Another aside. Two weeks ago the greatest living Christian theologian died. Jurgen Moltmann grew up a youth in Nazi Germany. As a teenager he was assigned to an anti-aircraft battery and experienced the horrors of bombing, watching his friends die. He spent time in a British prisoner-of-war camp, and there discovered the Christian faith in its fullness. Over the last seventy years he’s been one of the most prominent and influential of Christian voices. Realizing that after the horrors of the war, the Holocaust, and the atom bomb, belief in God was endangered. What was needed was a theology that arose from these experiences of suffering.
And so Moltmann wrote about a God who suffers with us. Not a God that is remote, free of emotion, and unacquainted with the human condition. But a God who feels, who loves deeply and compassionately, and who took it upon God’s self at the cross to experience the depths of human evil and suffering. And because of the crucifixion, God is a power always present with us in our suffering and pain.
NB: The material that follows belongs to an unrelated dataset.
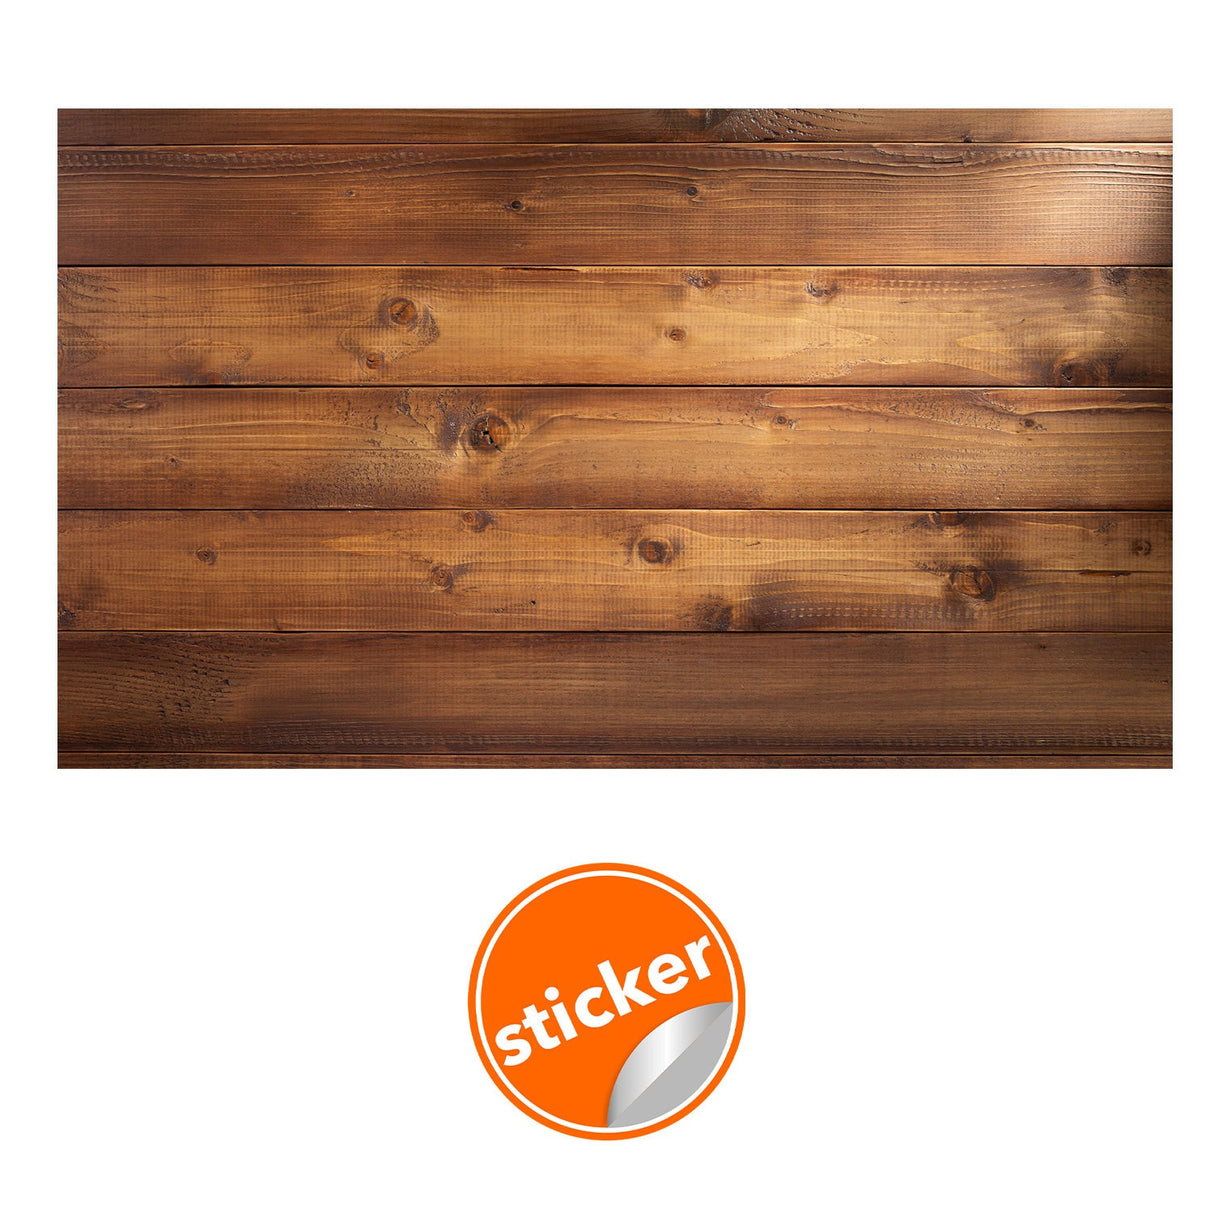 Wallpaper Wood Effect Self Adhesive Vinyl Stickers - Brown Sticky Panel For Bedroom Living Room Kitchen Wooden Peel Stick Wall Sticker Art

Moltmann, though, was primarily a theologian of hope. That we must always be looking forward to newness and possibility. That we are the eternal beginners. And what we hope for is a fullness of life, an eternal livingness, that enriches our experiences every day. He celebrated the ways we encounter God in all that is joyful, good, beautiful, and fun.
And so the Christian church mourns the passing of this, our brother, one of the greatest Christian voices of all time.
I see a parallel with Hannah’s belief in God. She is confident that God will hear her and respond. That her child will bring about the changes she desires, a nation that lives more fully into God’s vision for humanity.
The story of Hannah is not one of an ideal parent, as we usually conceive it. Frankly, she doesn’t seem all that maternal. Her vision is big and bold and far transcends her own family. So, she becomes an interesting model for us and a reminder that families come in many forms, and that there’s not just one model for how we parent.
To those who are parents or who long to be parents, what is it you desire? What do you hope and dream for your children? What are your prayers?
For God, who is also our parent, our mother and father, is listening. God has dreams and desires to. Of how each of us can transform and grow into our best selves. Of how we can all learn to be family to one another. Of how our society can become more just and kind and good.
So, let us pray for what we desire—for our children, our families, our world. Trusting that God is with us as we work together to make our longings a reality.